*Dataset excerpt:*
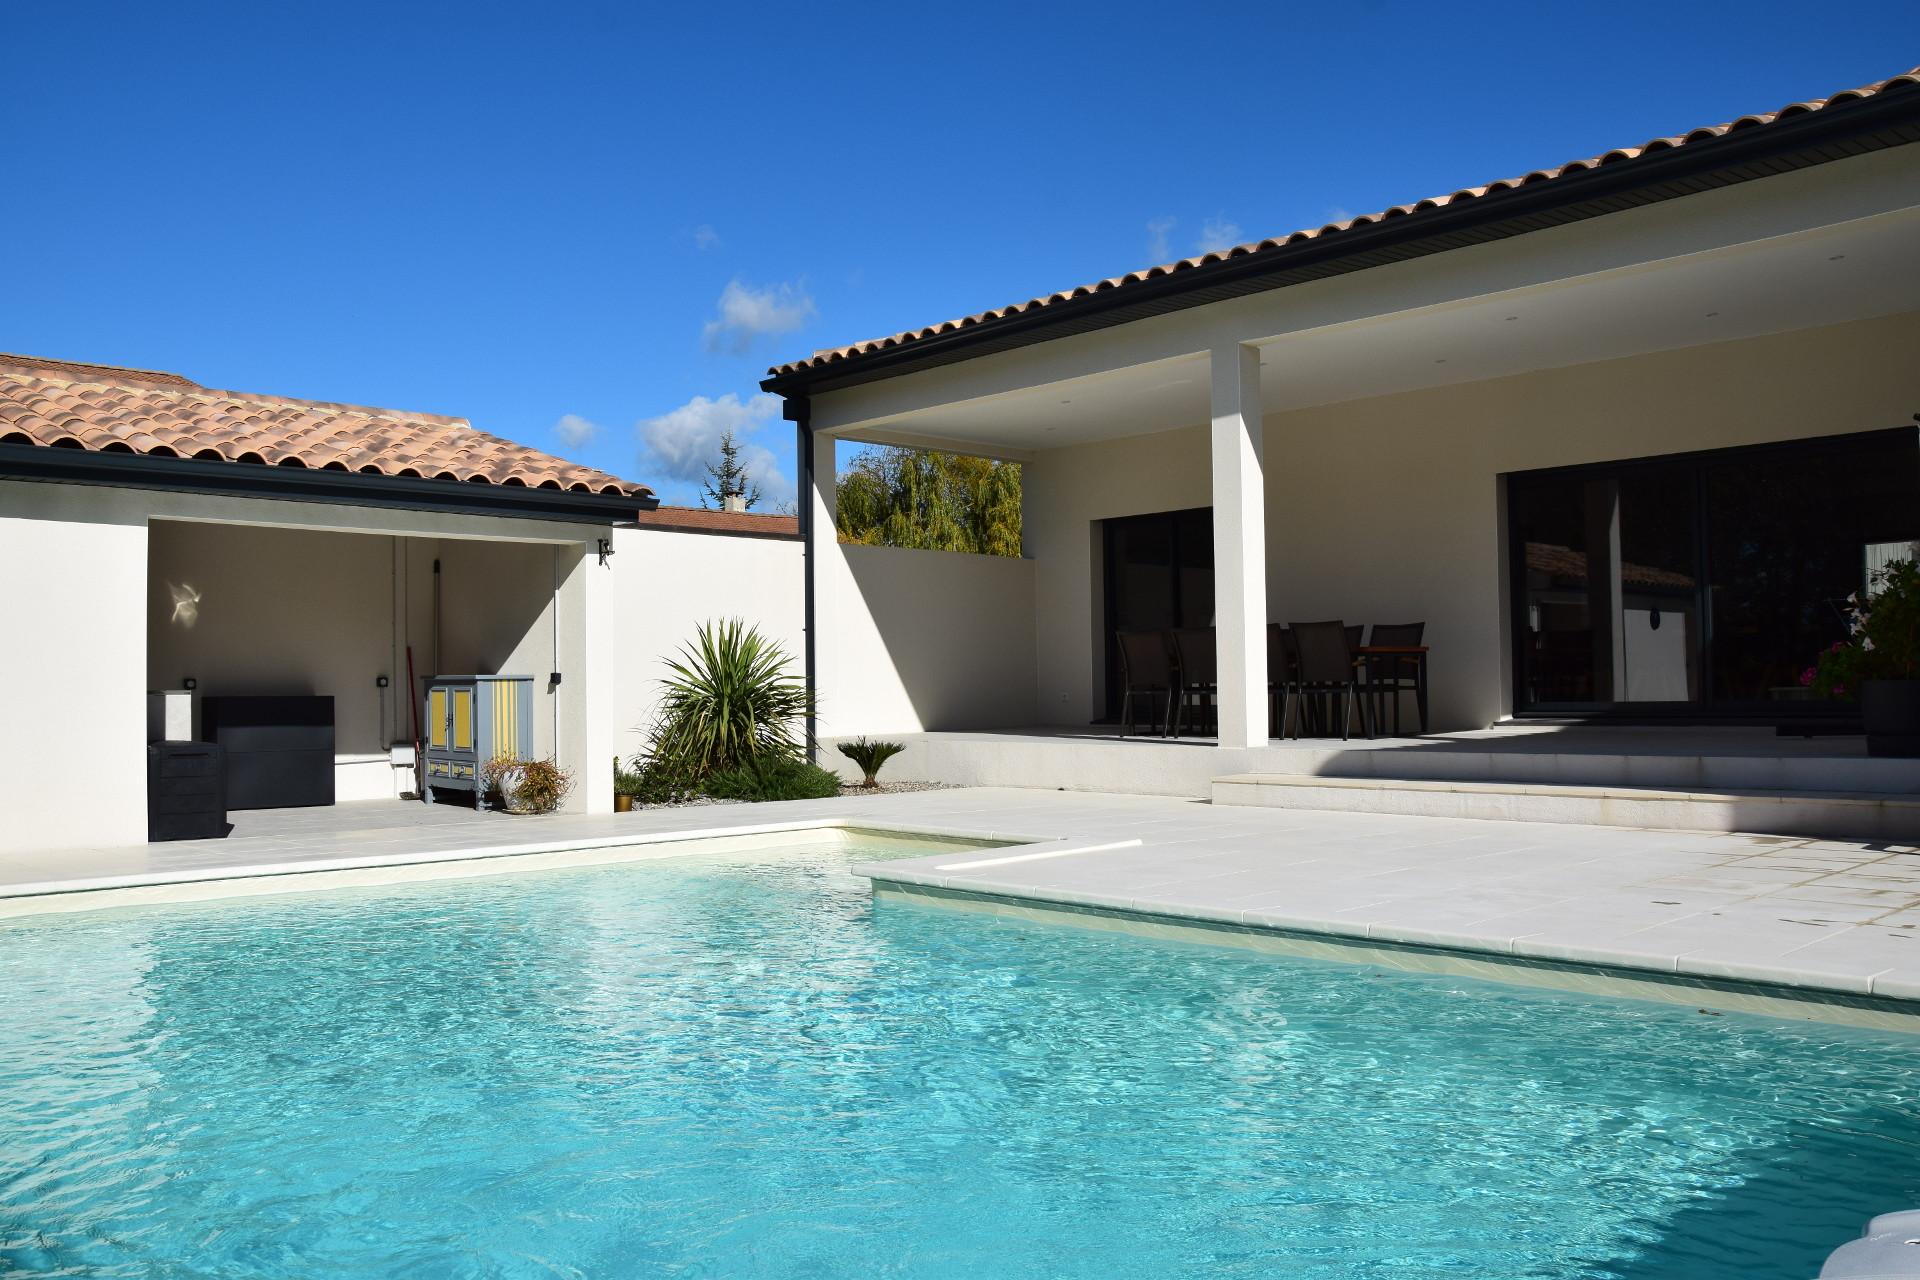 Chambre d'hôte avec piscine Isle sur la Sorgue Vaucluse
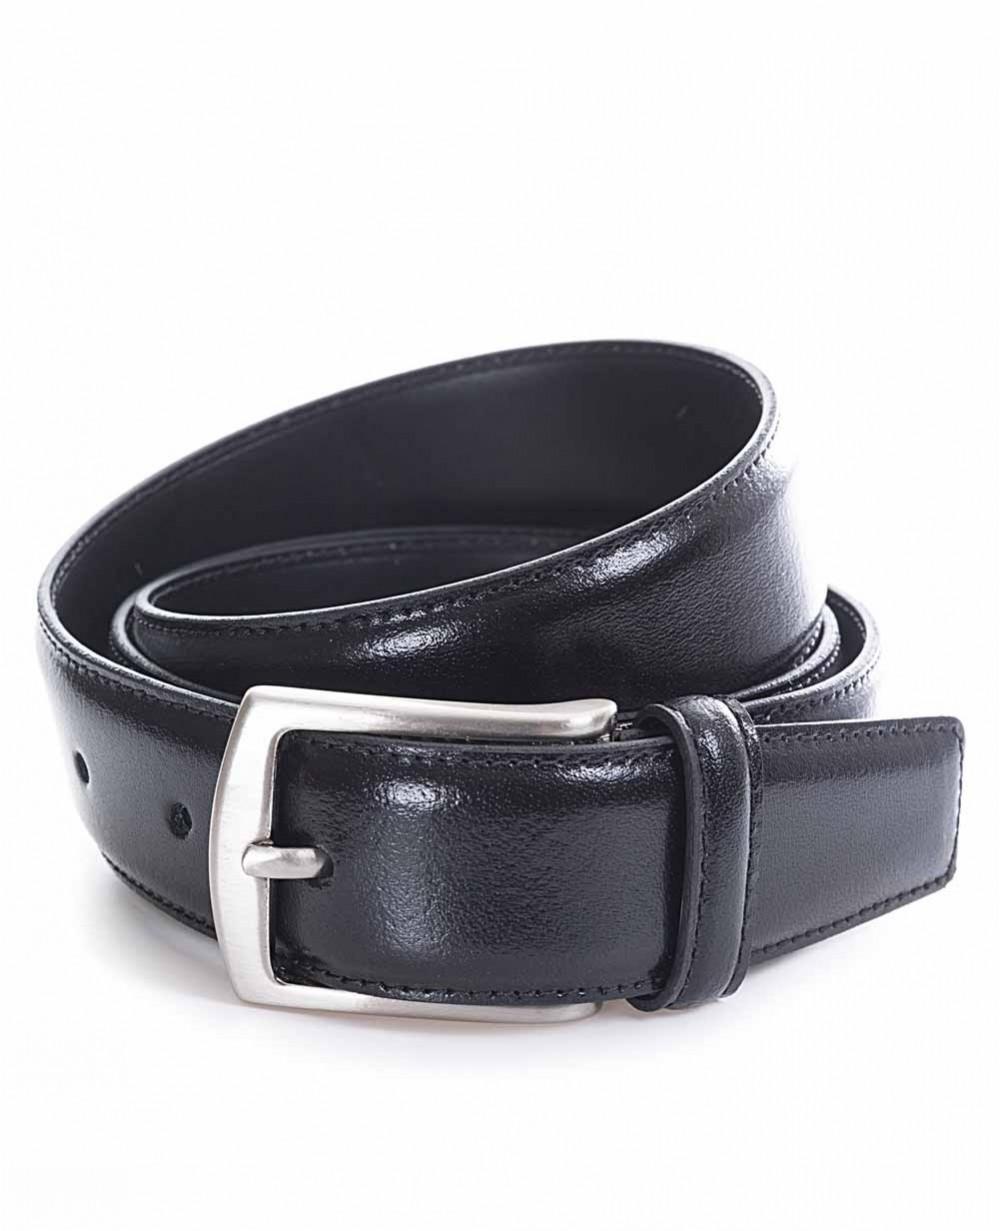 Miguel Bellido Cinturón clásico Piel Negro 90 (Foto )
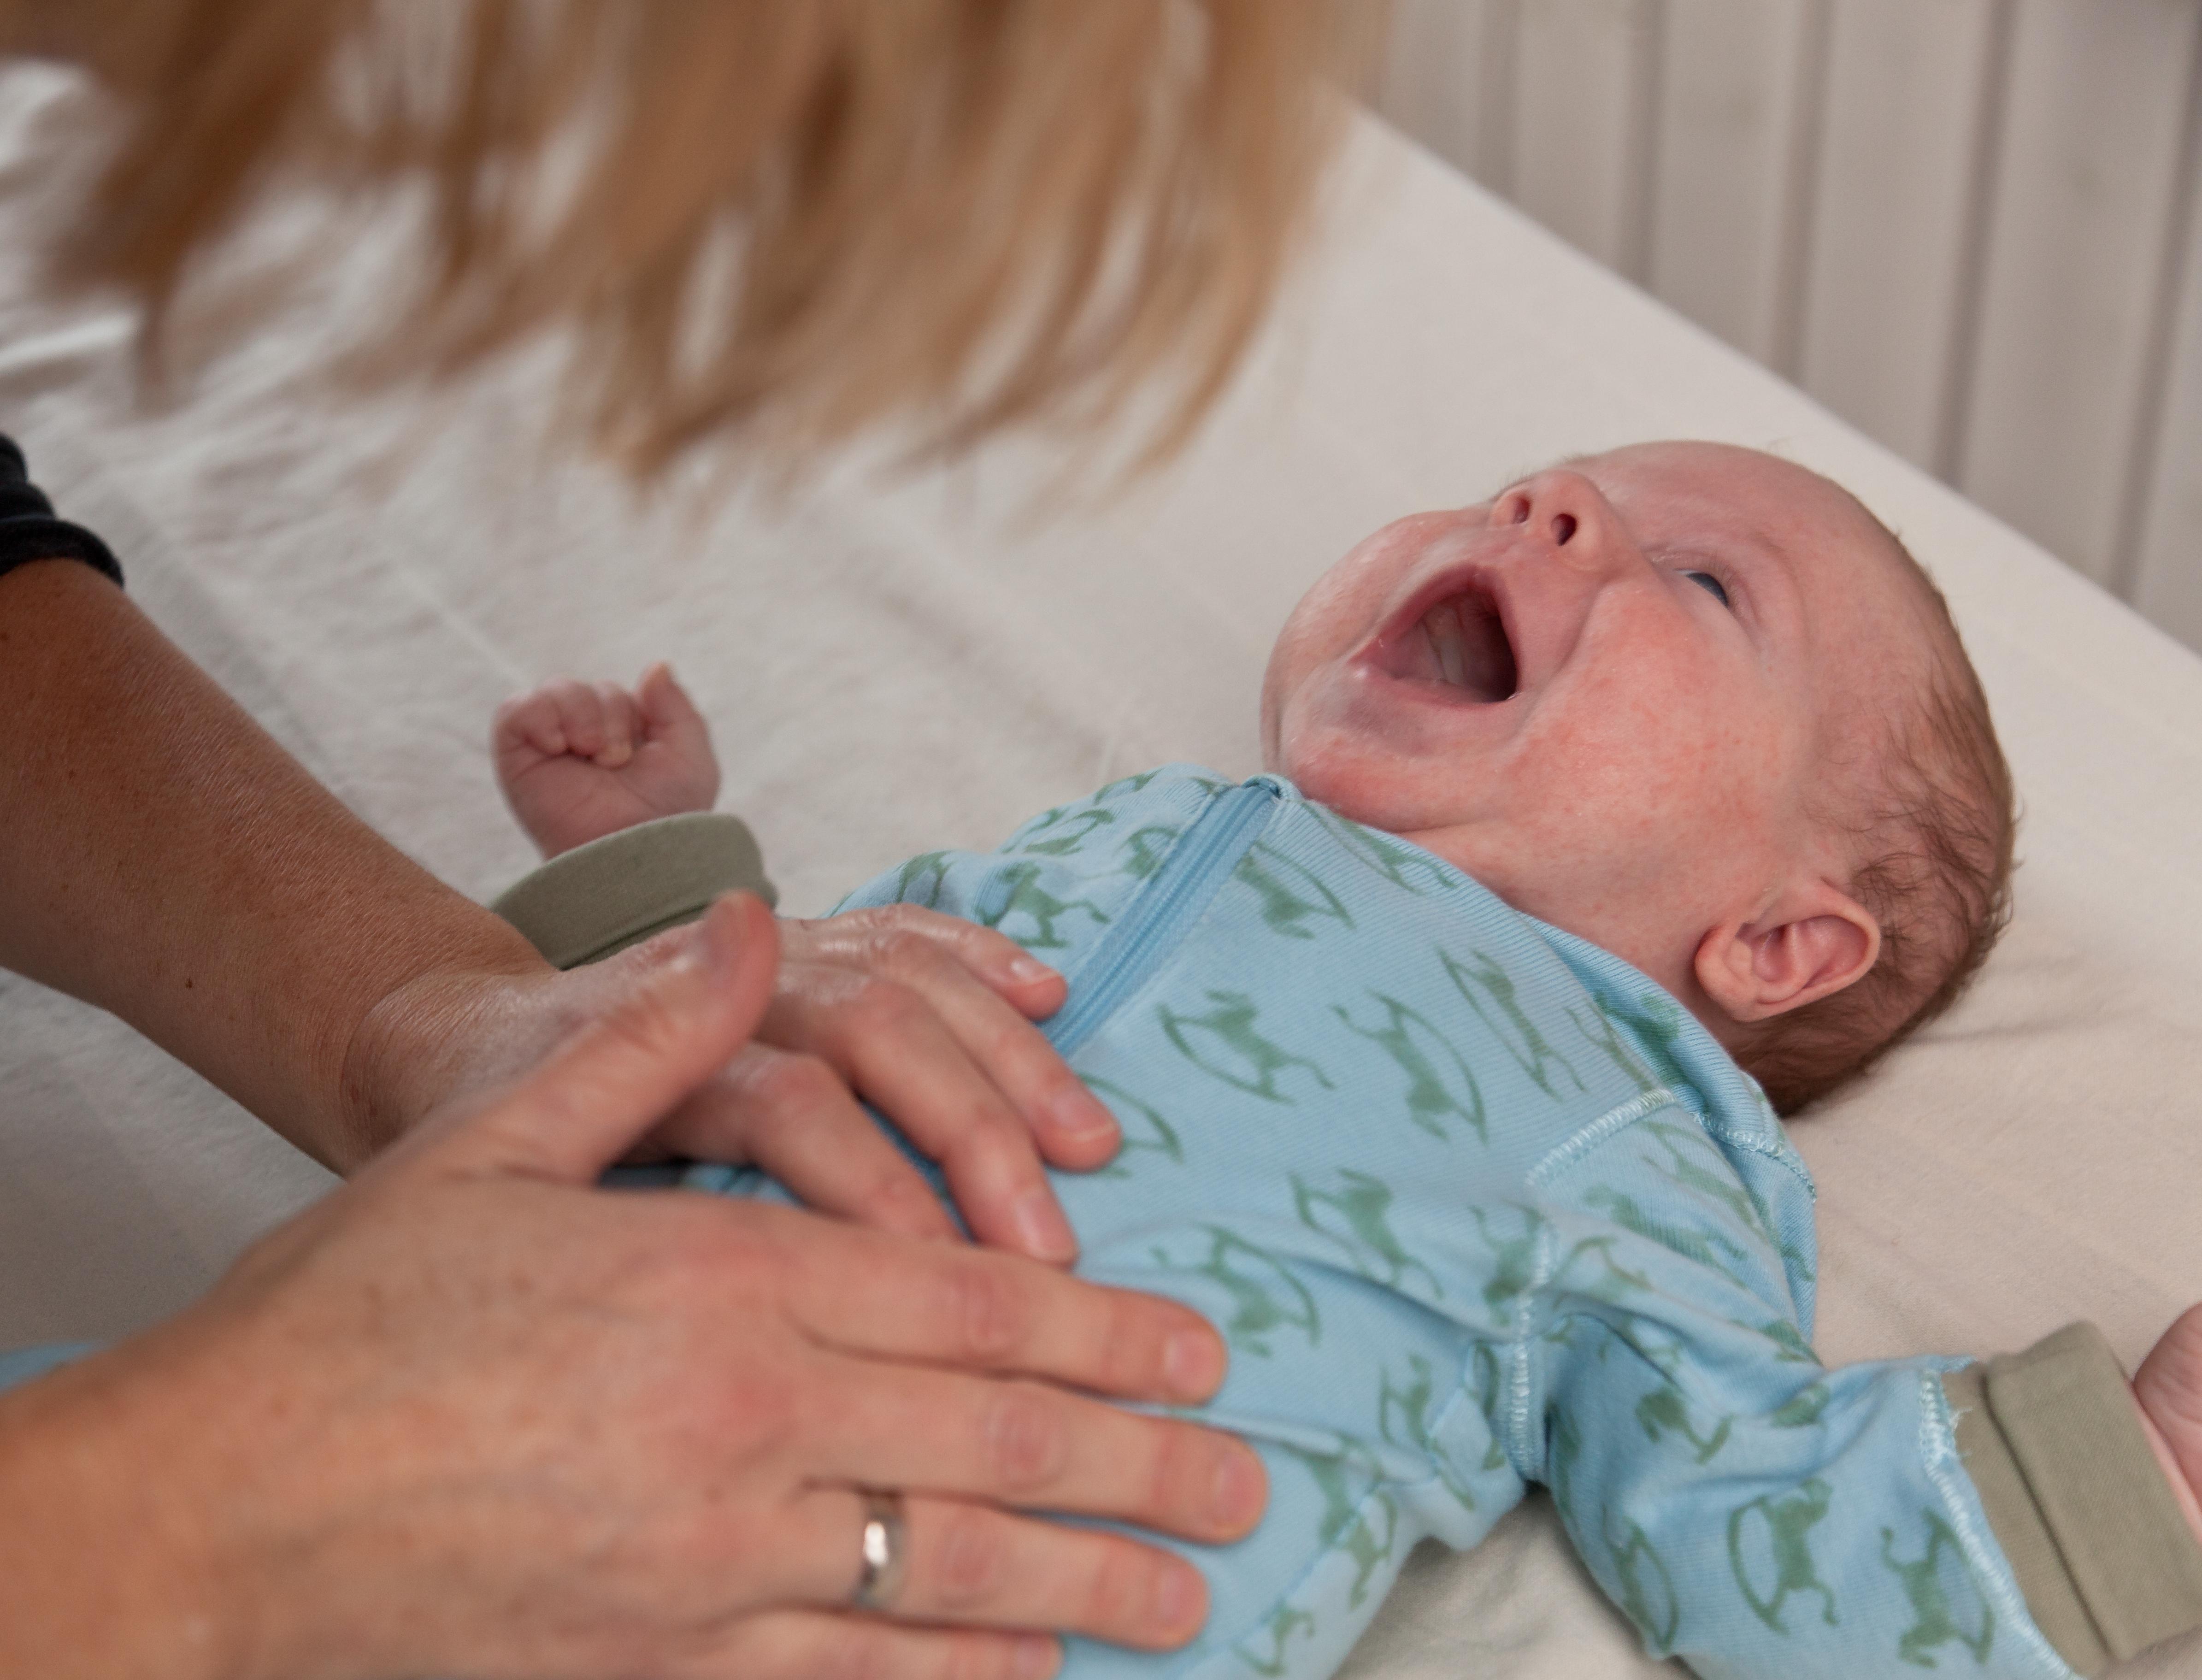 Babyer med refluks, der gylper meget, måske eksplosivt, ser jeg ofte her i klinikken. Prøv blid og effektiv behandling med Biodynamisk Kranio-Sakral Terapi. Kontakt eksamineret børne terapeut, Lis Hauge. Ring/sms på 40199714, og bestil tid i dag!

*Task prompt:* Extract every line of the data exactly; pictures stay out.

*Result of the task:*
 Chambre d'hôte avec piscine Isle sur la Sorgue Vaucluse
 Miguel Bellido Cinturón clásico Piel Negro 90 (Foto )
 Babyer med refluks, der gylper meget, måske eksplosivt, ser jeg ofte her i klinikken. Prøv blid og effektiv behandling med Biodynamisk Kranio-Sakral Terapi. Kontakt eksamineret børne terapeut, Lis Hauge. Ring/sms på 40199714, og bestil tid i dag!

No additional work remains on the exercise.